I'm not an accountant and I don't pretend to understand the "why" behind the decision to reverse the valuation allowance on Dec 31, 2013, but UA and AA did the same thing at the end of 2015, so the published results of all three will reflect federal income taxes going forward, even though none of them will pay federal income taxes for a while. The gigantic multi-billion dollar losses from the lost decade will shelter a few billion more in profits at all three. Again, I don't understand it, but I do know that even DL paid no tax, and thus when comparing the legacies, it's more useful to focus on "pre-tax" income.

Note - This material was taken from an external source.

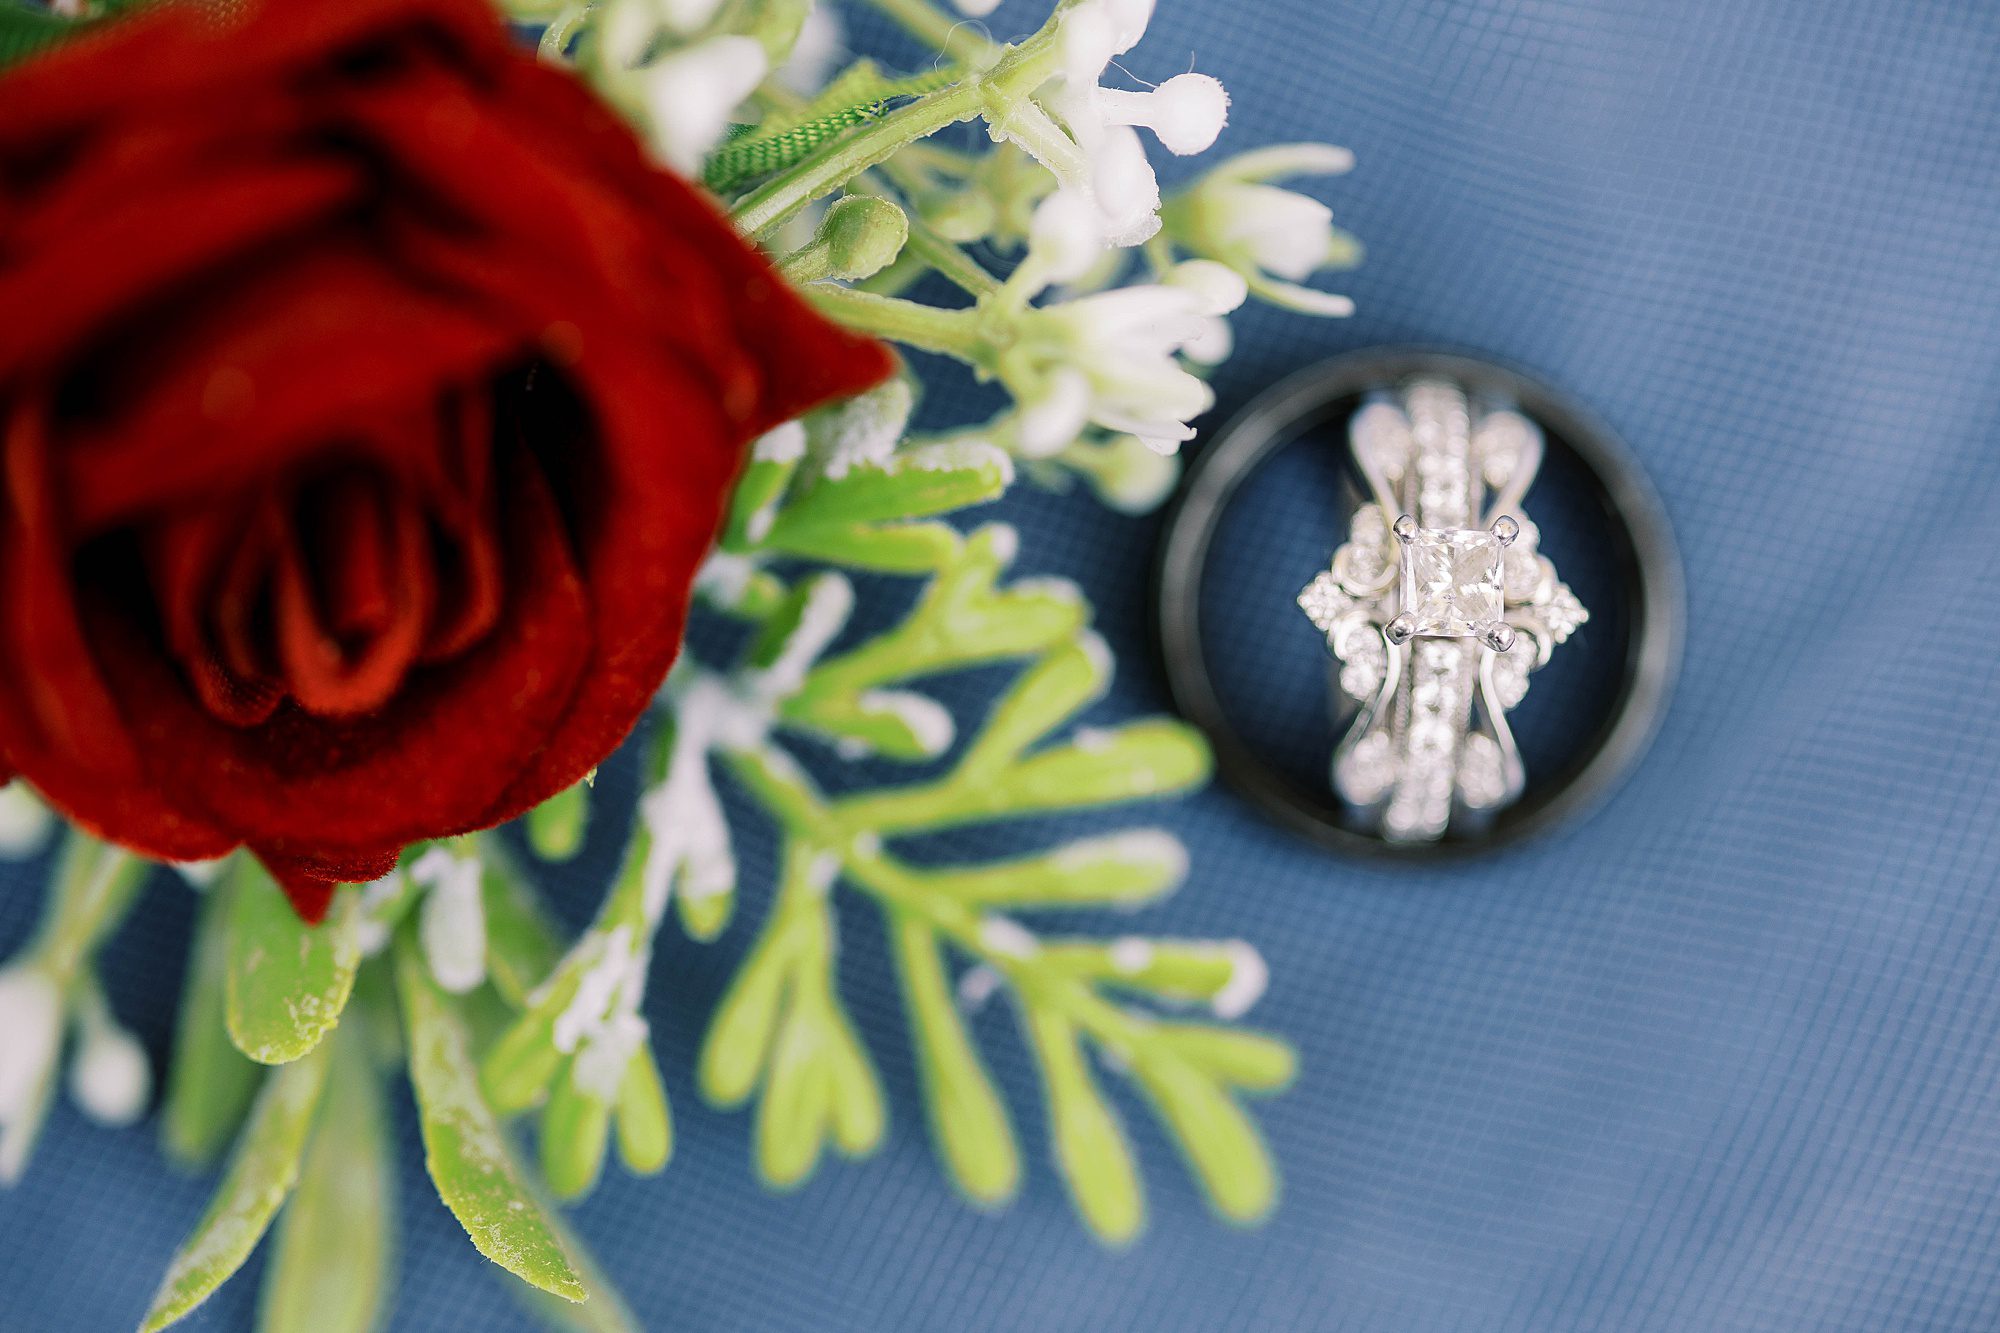 wedding rings rest on blue velvet by red rose

In 2015, DL earned $5.9 billion of adjusted pre-tax profit, far more than UA, and probably more than AA will report. UA's 2015 profit was $4.5 billion, excluding special items.
For Delta, I compare the "adjusted pre-tax" profit to UA, because the GAAP result is misleading. GAAP required that DL recognize all potential hedge losses (the MTM losses) in 2014, which lowered DL's 2014 GAAP profit to just over $1 billion, which was not anywhere near reflective of DL's outstanding 2014. By assuming that the hedge contracts would lose money in 2015, GAAP artificially lowered the 2014 results. By the same token, the 2015 GAAP results are over-stated, because they don't include the actual hedge losses on those 2015 transactions, because GAAP required those losses to be recognized prematurely in 2014. So the "adjusted pre-tax profit" for 2015 accurately reflects DL's hedge losses that it actually suffered in 2015 (and, of course, keeps 2014 profit where it should have been).
Even better for the DL employees, the DL result above ($5.9 billion) is after payment of $1.5 billion of profit sharing to the employees, while the smaller UA result is after payment of only $698 million of profit sharing. So DL's 2015 pre-tax, pre-profit sharing adjusted income was $7.4 billion, while at UA the comparable figure was just $5.2 billion. Once again, DL's results out-classed UA's results. Well done.